HDU - 3652 B-number（数位dp）

B-number

A wqb-number, or B-number for short, is a non-negative integer whose decimal form contains the sub- string "13" and can be divided by 13. For example, 130 and 2613 are wqb-numbers, but 143 and 2639 are not. Your task is to calculate how many wqb-numbers from 1 to n for a given integer n.

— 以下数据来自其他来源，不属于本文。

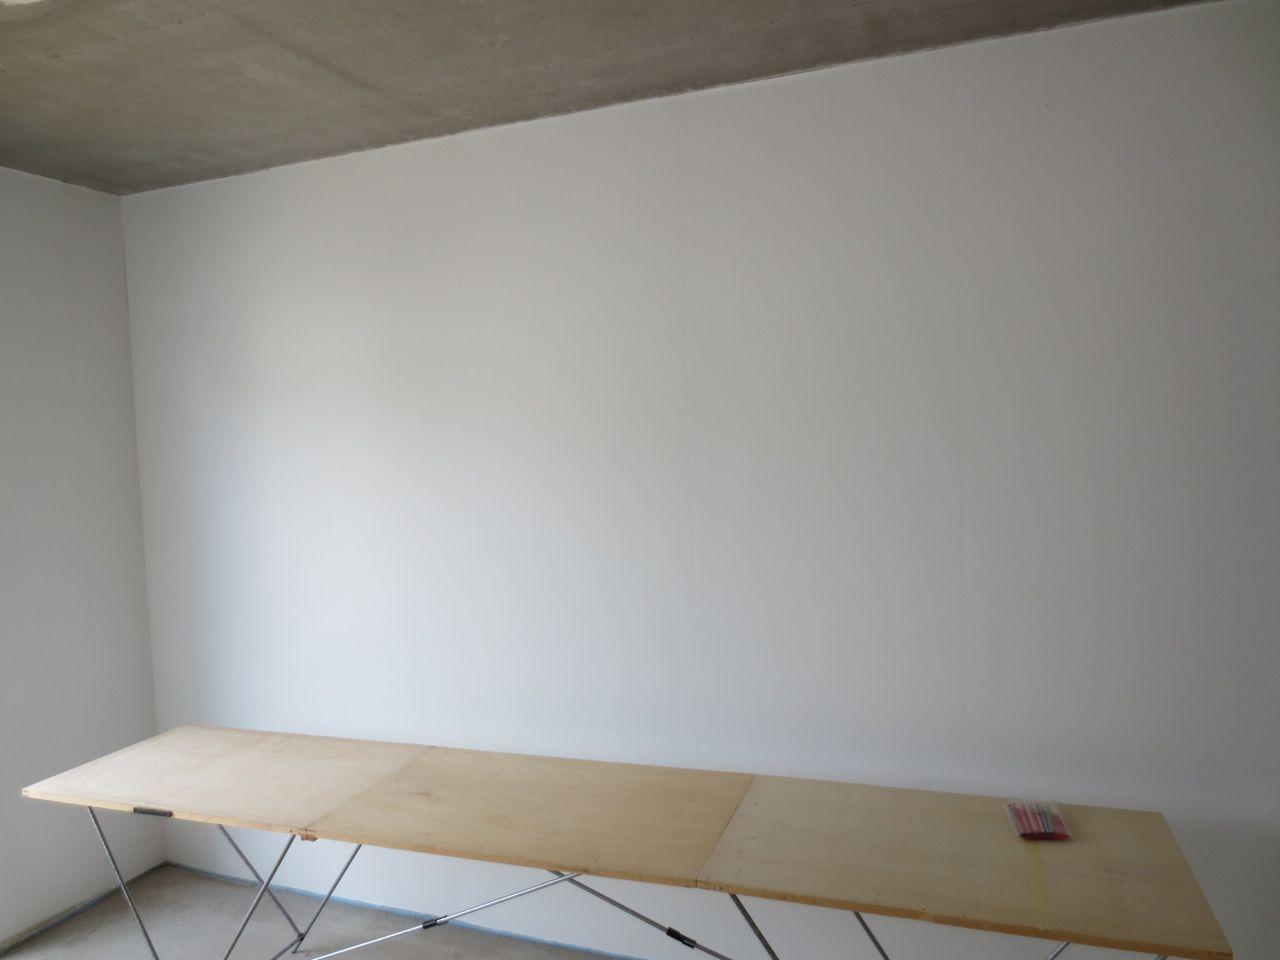 wir bauen in remagen tapeten. Black Bedroom Furniture Sets. Home Design Ideas

InputProcess till EOF. In each line, there is one positive integer n(1 <= n <= 1000000000).OutputPrint each answer in a single line.Sample Input

13
100
200
1000

Sample Output

1
1
2
2



题意：满足含13且被13整除的个数。

“不要62”的变式，这里要“13”，统计连续两位数的另一种处理方式。

#include<bits/stdc++.h>
using namespace std;
typedef long long ll;

int a[12];
int dp[12][2][2][15]; 

ll dfs(int pos,int pre,int one,int sta,bool p,bool limit){
    
    if(pos==-1) return sta==0&&p;
    if(!limit&&dp[pos][one][p][sta]>-1) return dp[pos][one][p][sta];
    int up=limit?a[pos]:9;
    int cnt=0;
    for(int i=0;i<=up;i++){
        if(pre==1&&i==3) cnt+=dfs(pos-1,i,i==1,(sta*10+i)%13,true,limit&&i==a[pos]);
        else cnt+=dfs(pos-1,i,i==1,(sta*10+i)%13,p,limit&&i==a[pos]);
    }
    if(!limit) dp[pos][one][p][sta]=cnt;
    return cnt;
}
int solve(int x){
    int pos=0;
    while(x){
        a[pos++]=x%10;
        x/=10;
    }
    return dfs(pos-1,0,0,0,false,true);
}
int main()
{
    int r;
    memset(dp,-1,sizeof(dp));
    while(~scanf("%d",&r)){
        printf("%d\n",solve(r));
    }
    return 0;
}